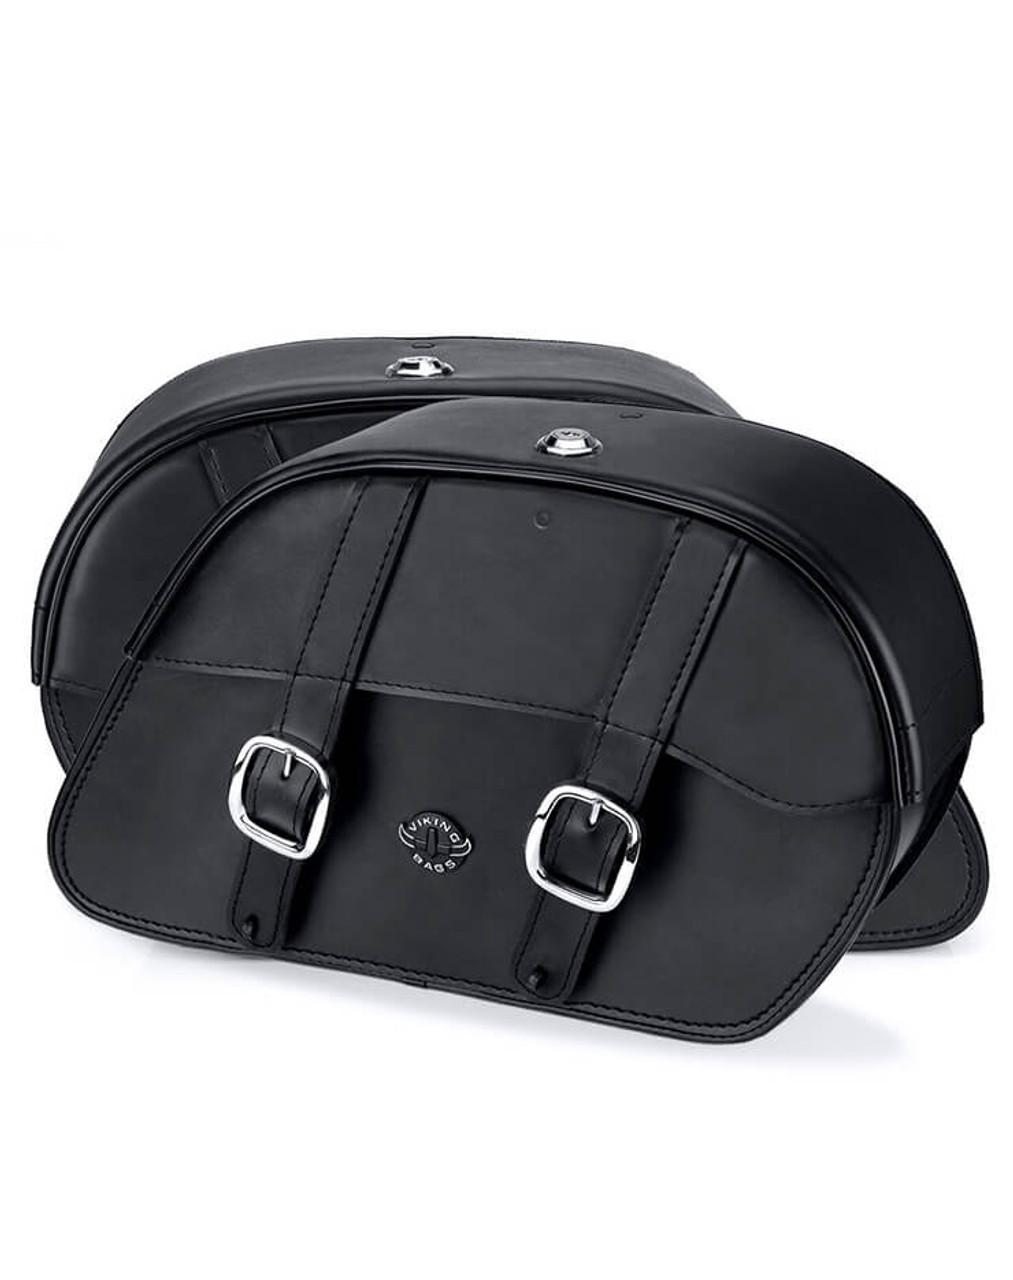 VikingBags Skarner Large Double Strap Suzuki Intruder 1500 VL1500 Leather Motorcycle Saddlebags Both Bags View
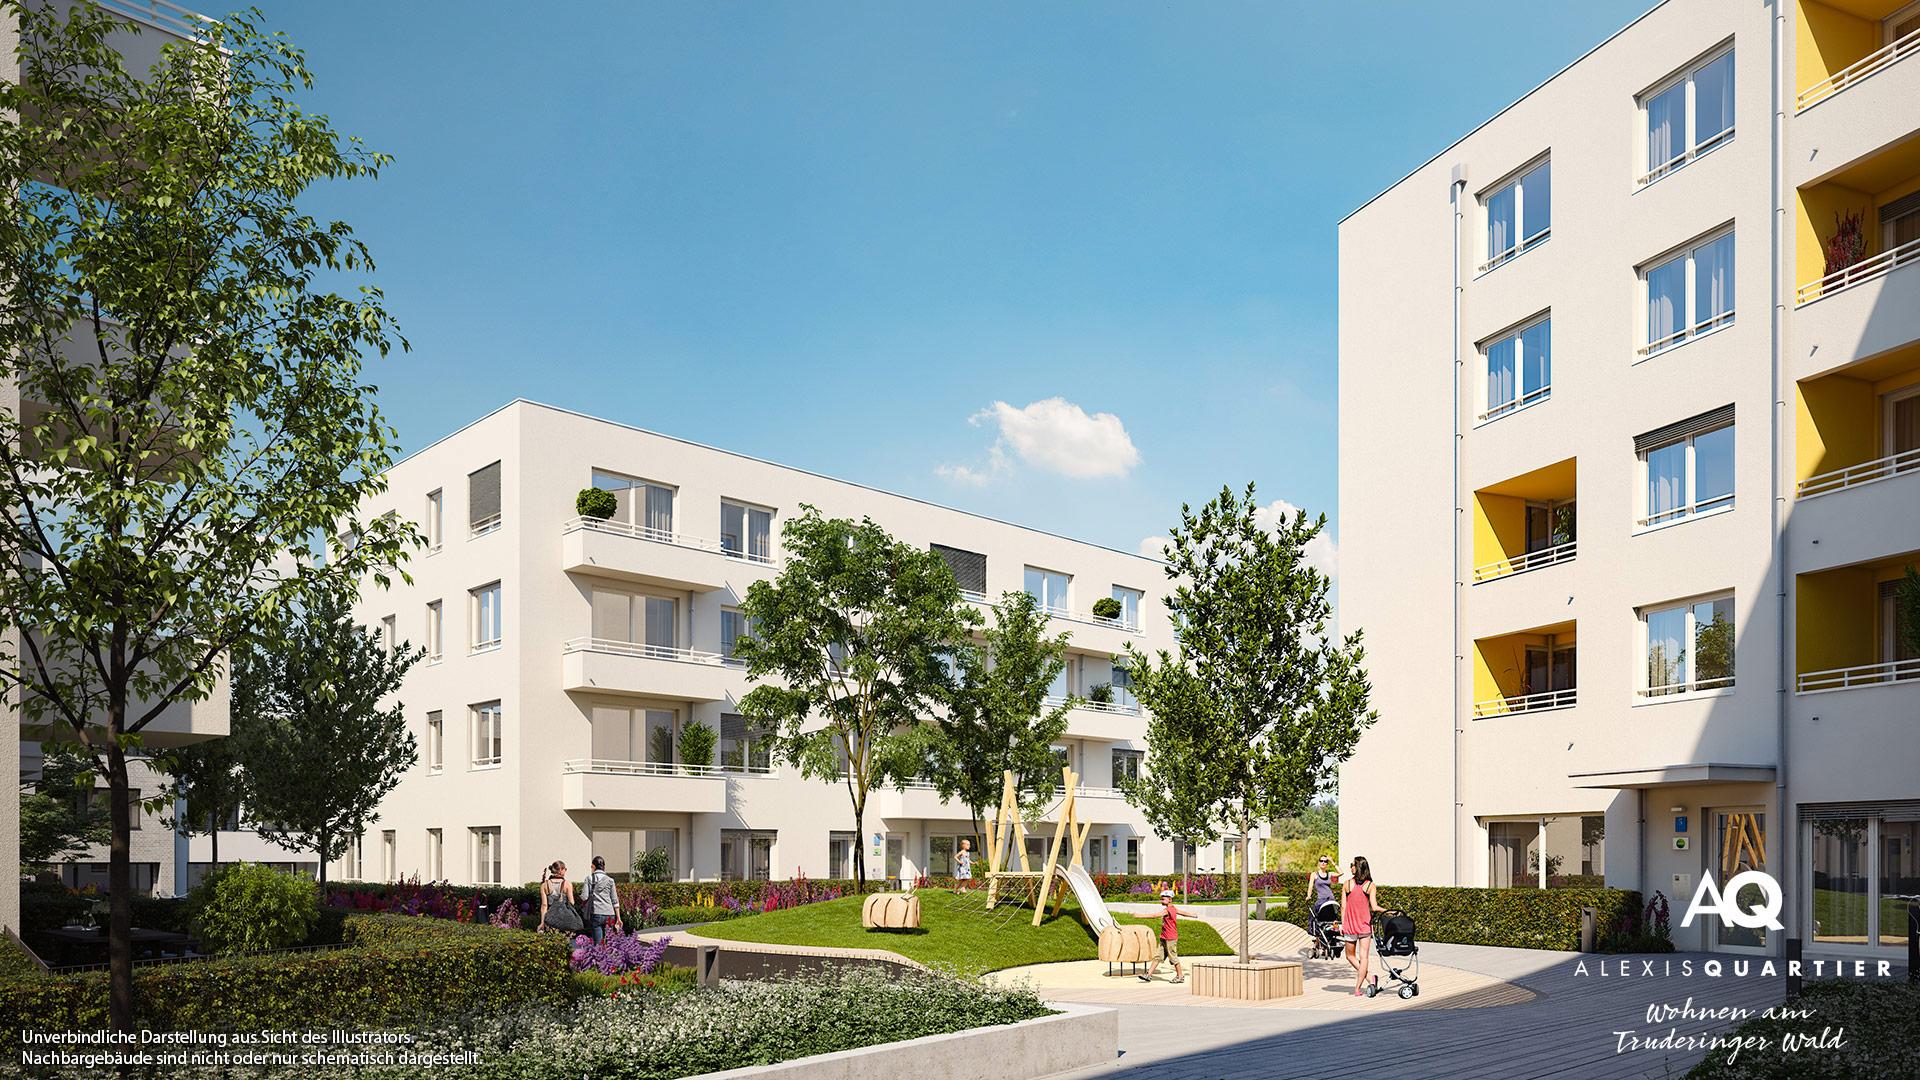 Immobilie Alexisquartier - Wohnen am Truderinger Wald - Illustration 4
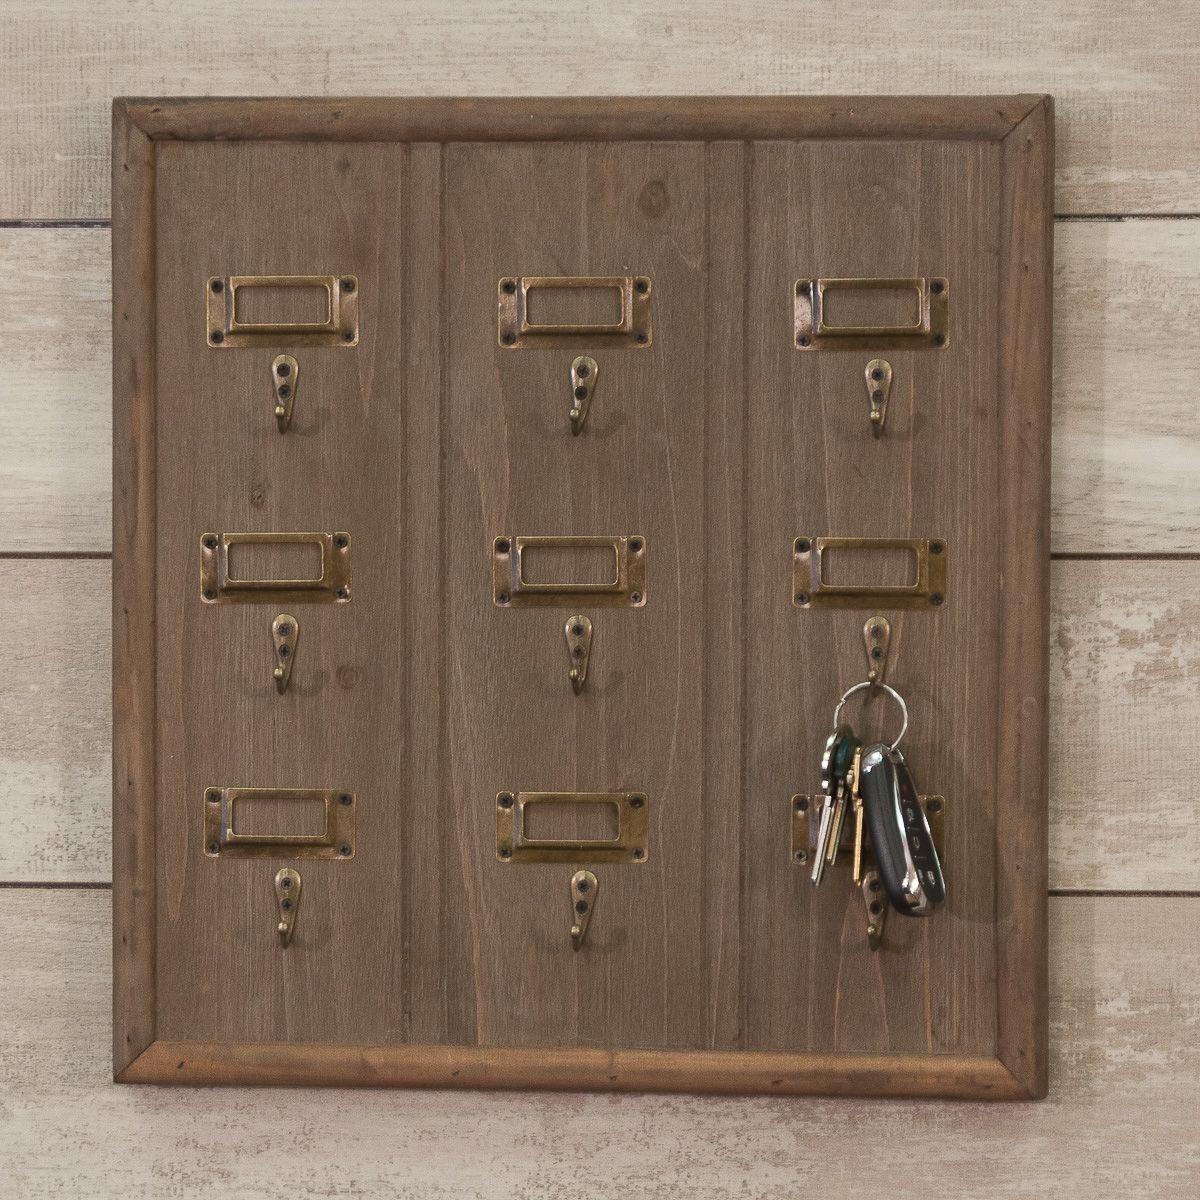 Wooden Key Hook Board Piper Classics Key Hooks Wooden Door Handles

Required action = In the listing above, find the line containing "Immobilie Alexisquartier - Wohnen" and restate it and every later line verbatim, with the pictures left out.

Task answer =
 Immobilie Alexisquartier - Wohnen am Truderinger Wald - Illustration 4
 Wooden Key Hook Board Piper Classics Key Hooks Wooden Door Handles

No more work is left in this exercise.